• [About this exercise]: Output, exactly and with no pictures, the line that contains "Hot oatmeal Harlow Portland" and every line that comes after it in the data below, the last one included.

• [Given information]:
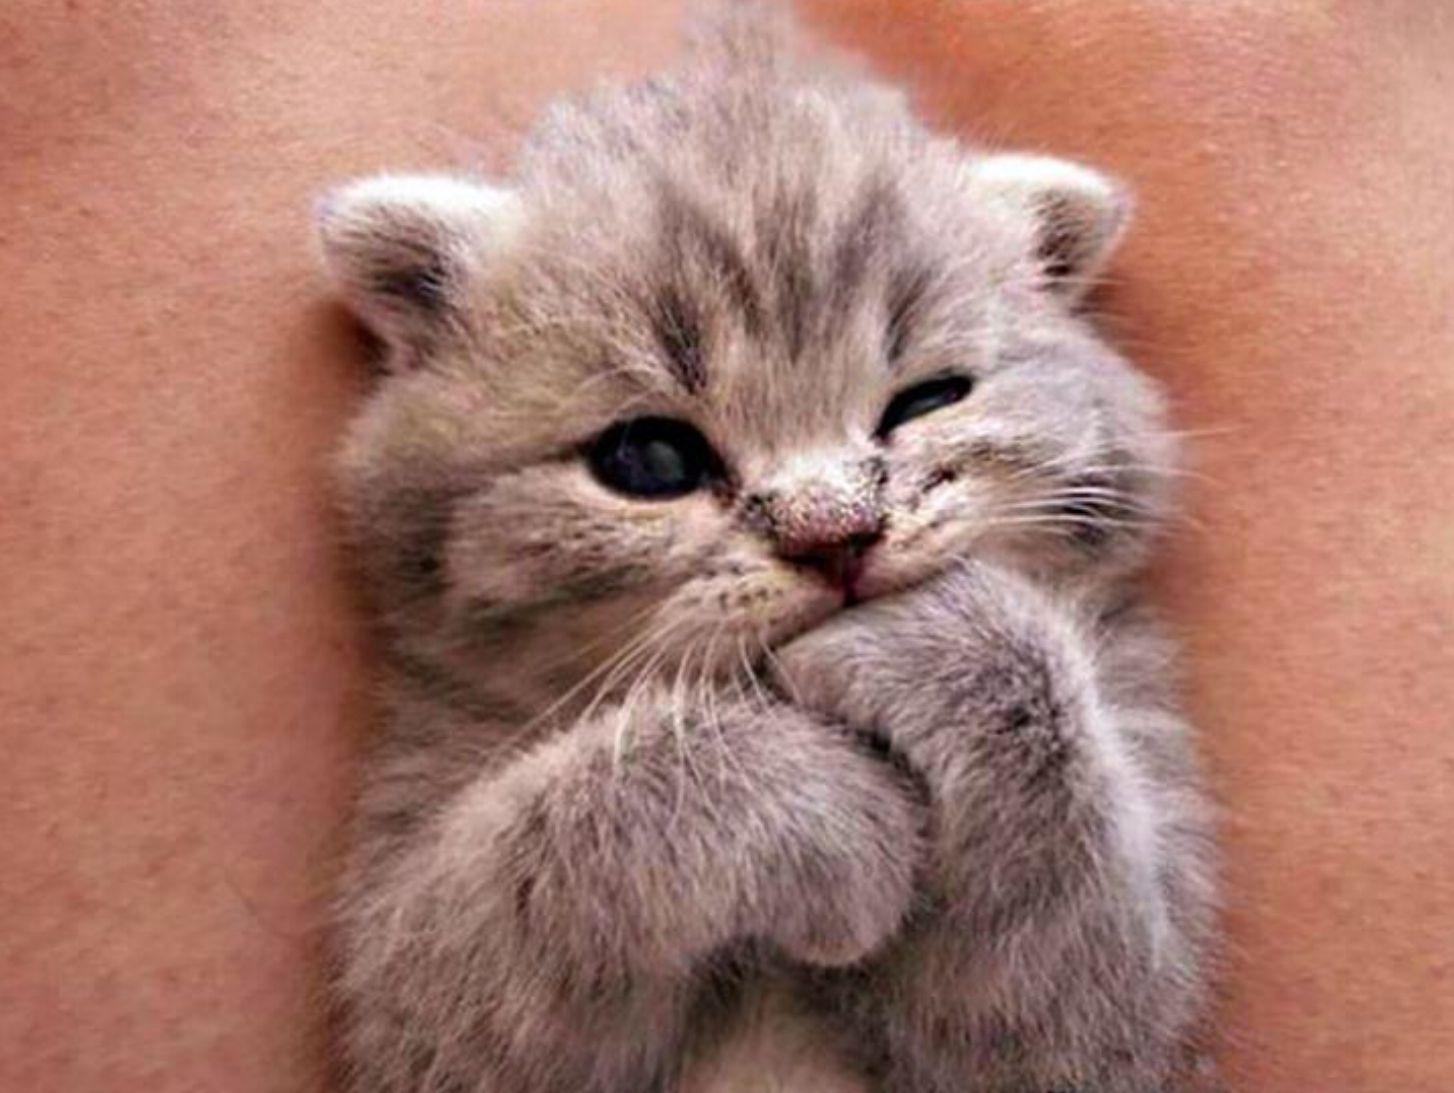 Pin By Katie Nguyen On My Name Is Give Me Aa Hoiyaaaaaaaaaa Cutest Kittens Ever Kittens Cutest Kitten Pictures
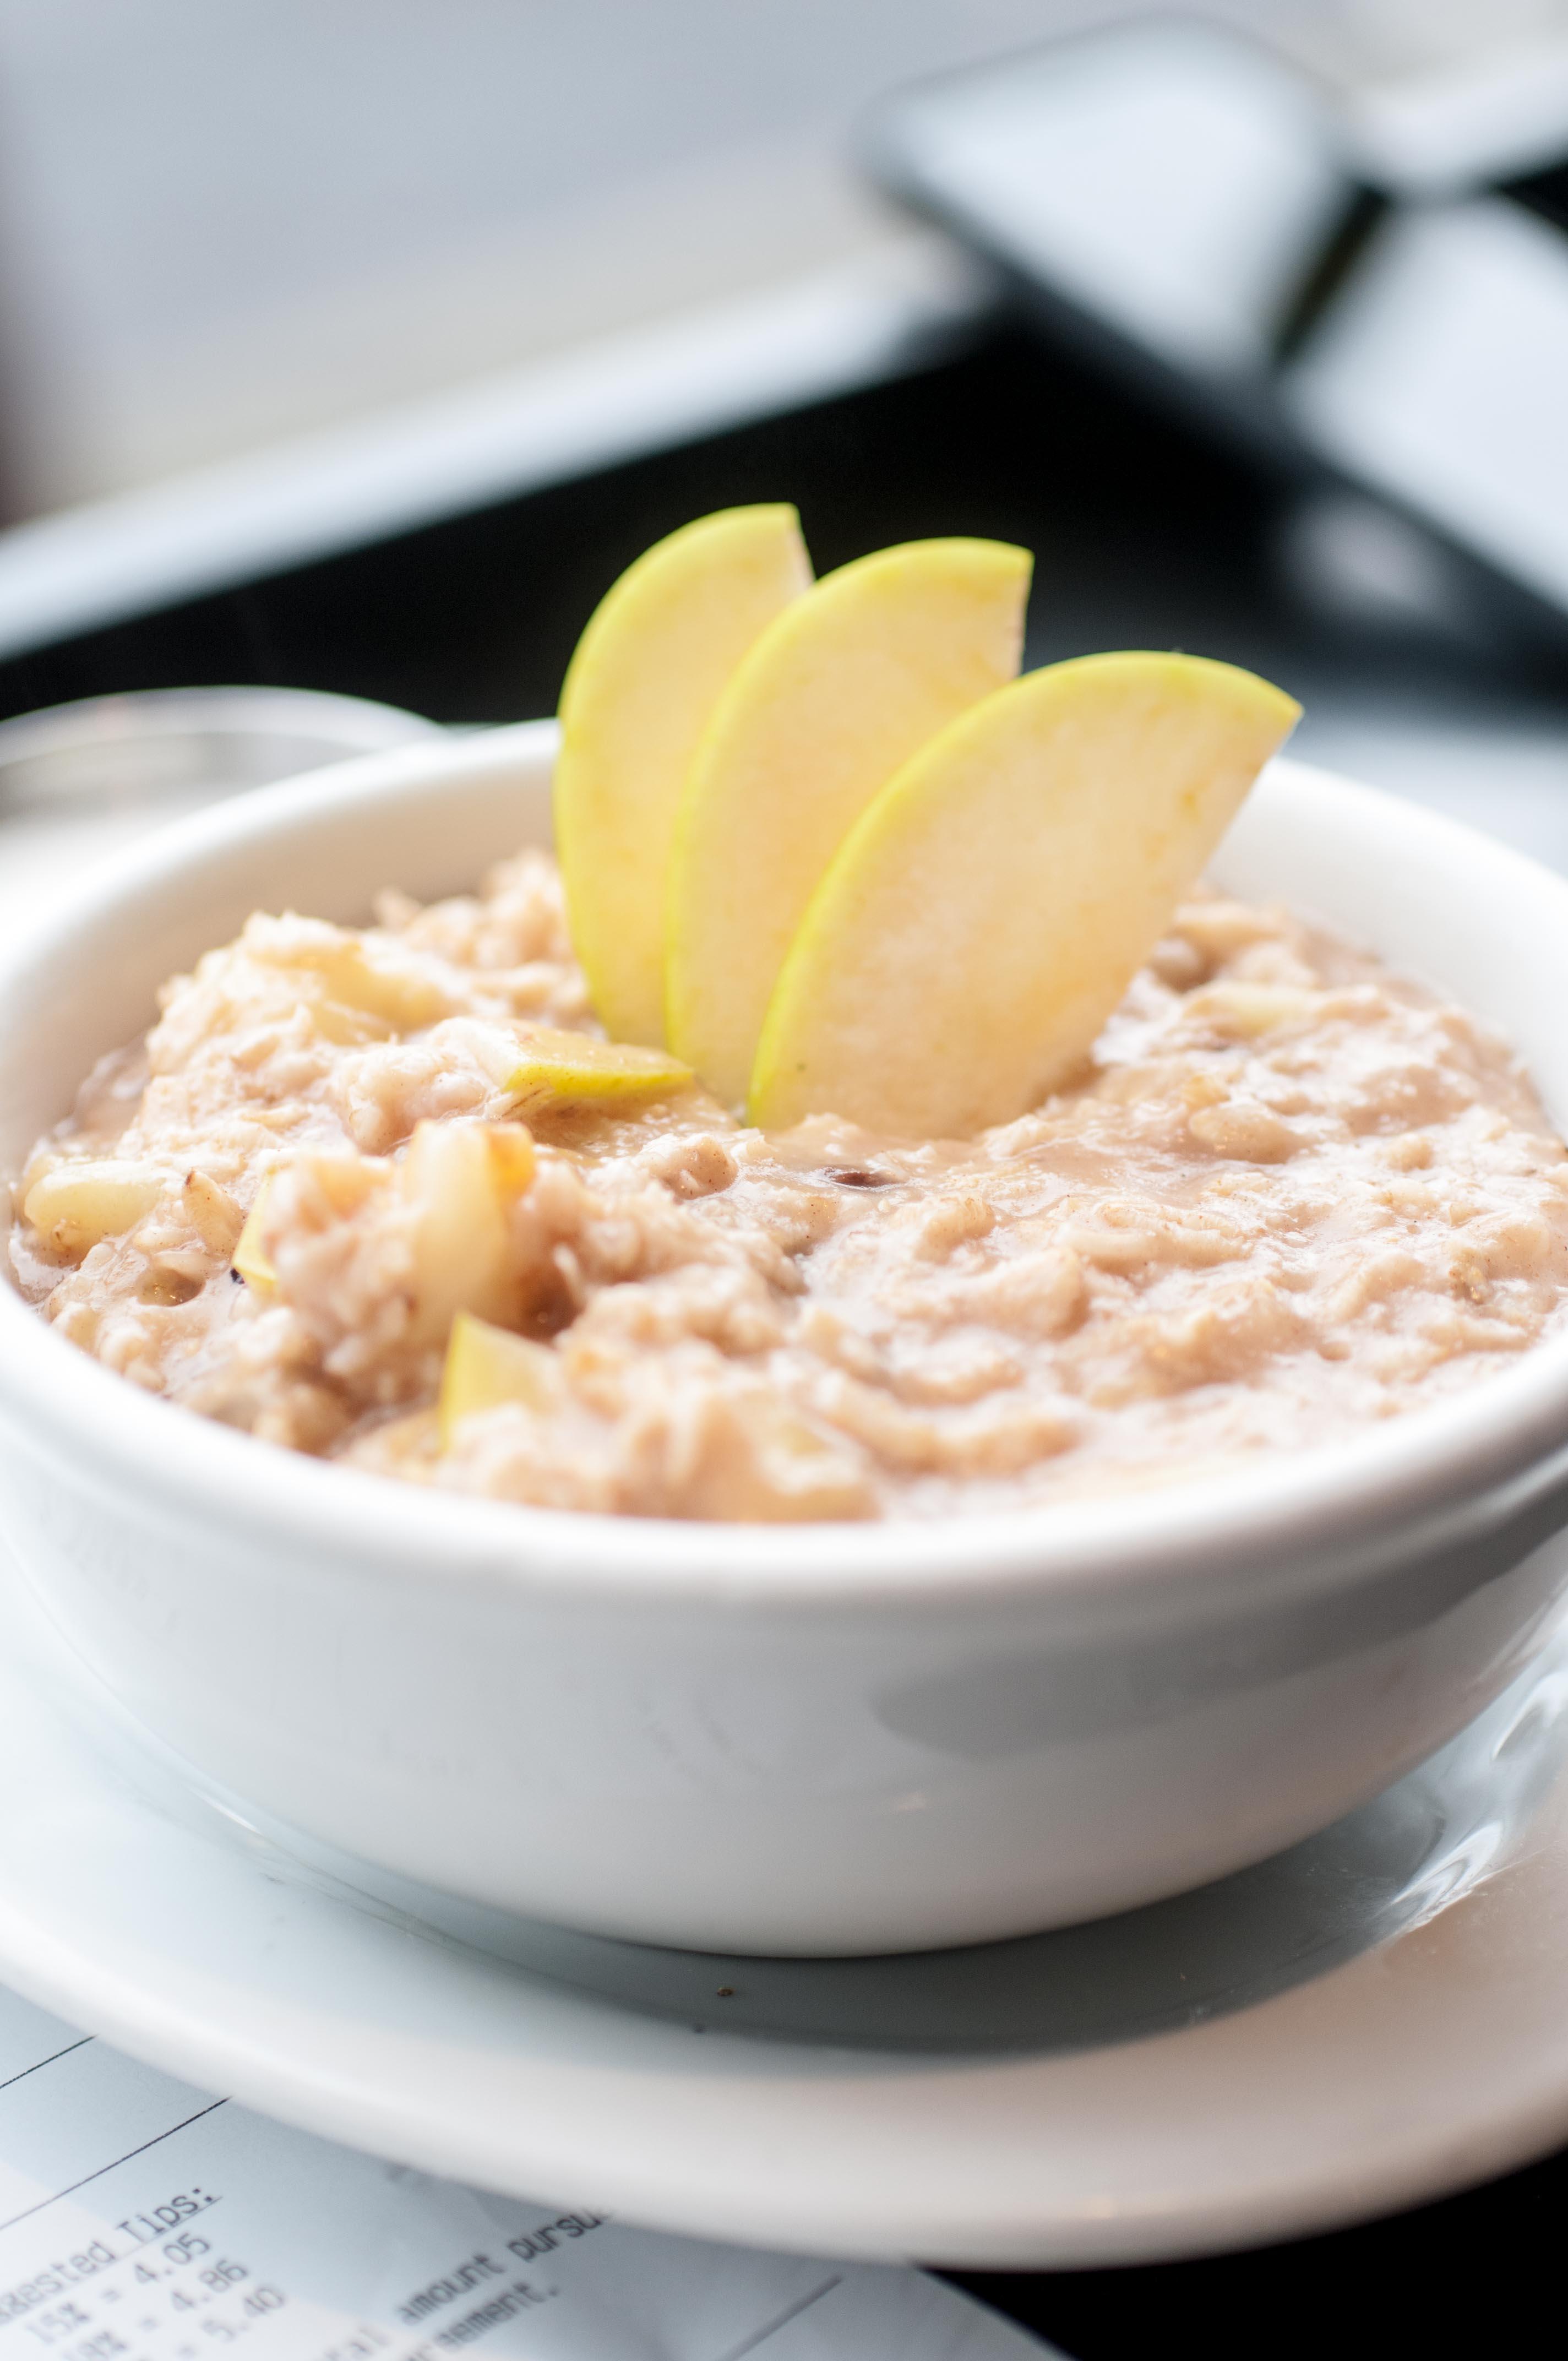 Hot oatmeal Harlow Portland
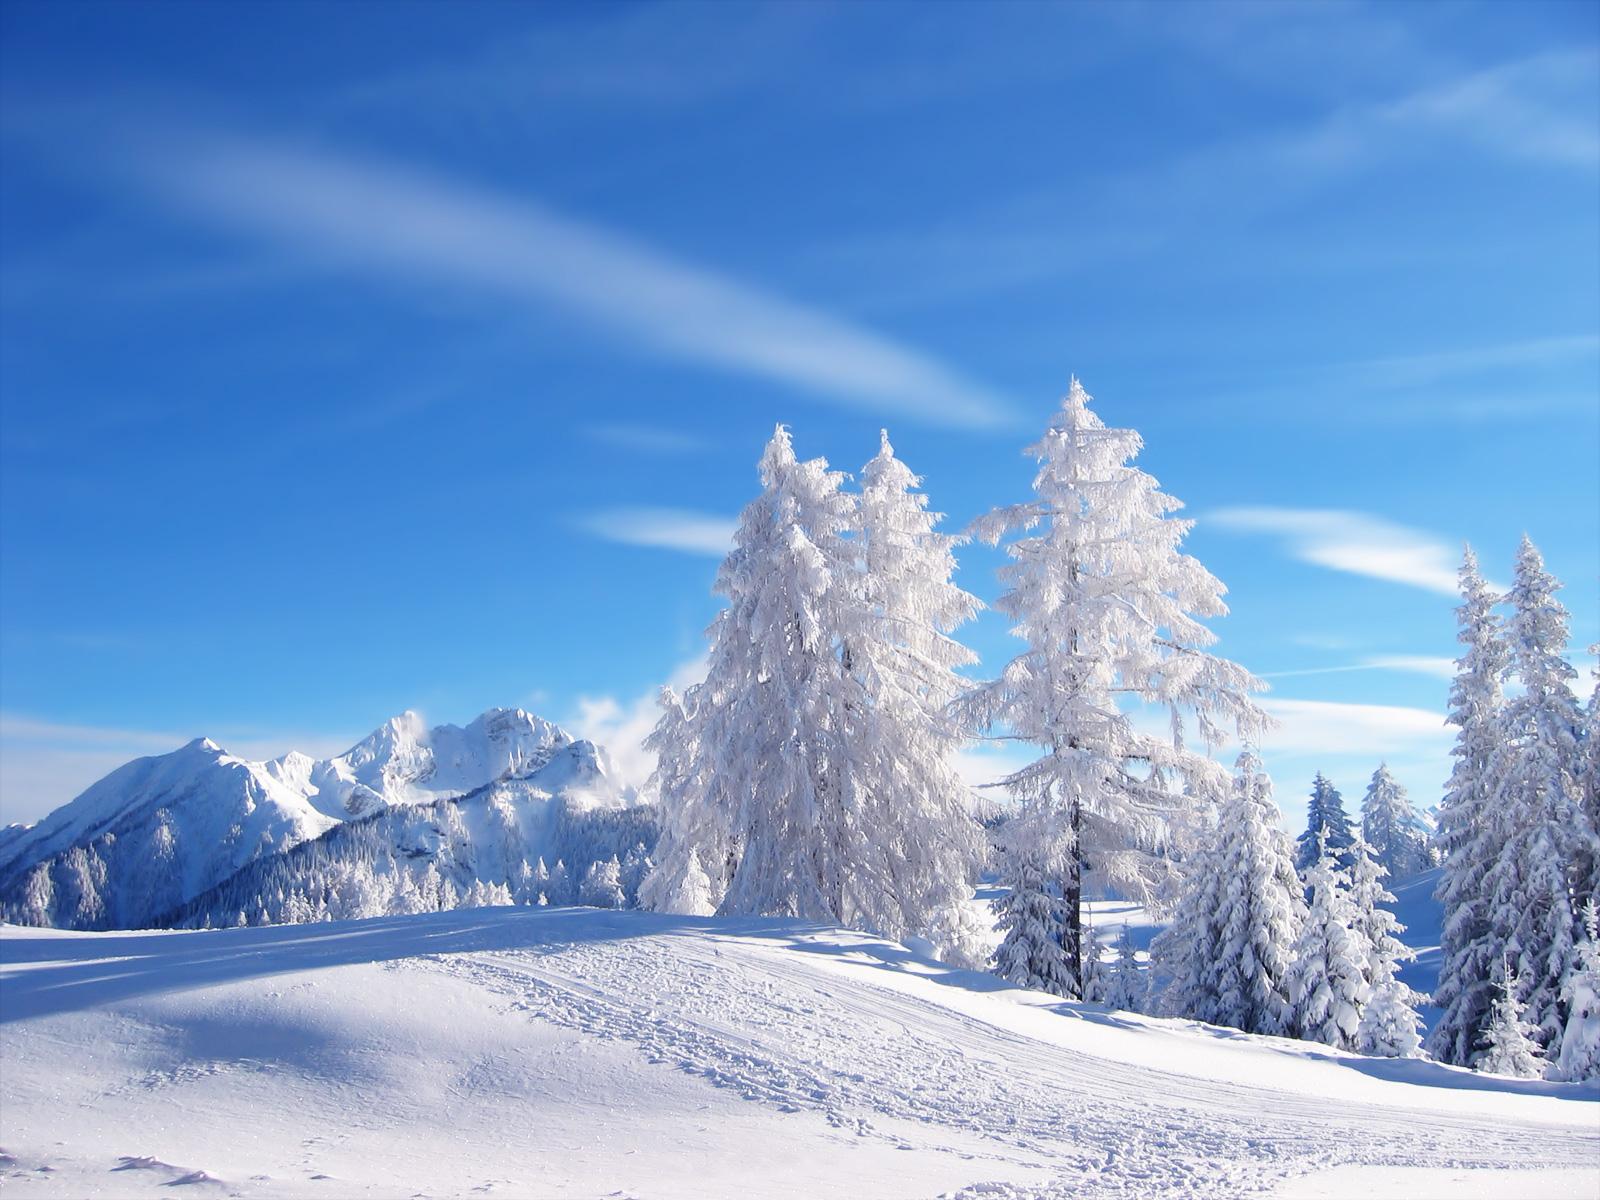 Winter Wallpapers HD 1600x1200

• [Answer for the task]:
 Hot oatmeal Harlow Portland
 Winter Wallpapers HD 1600x1200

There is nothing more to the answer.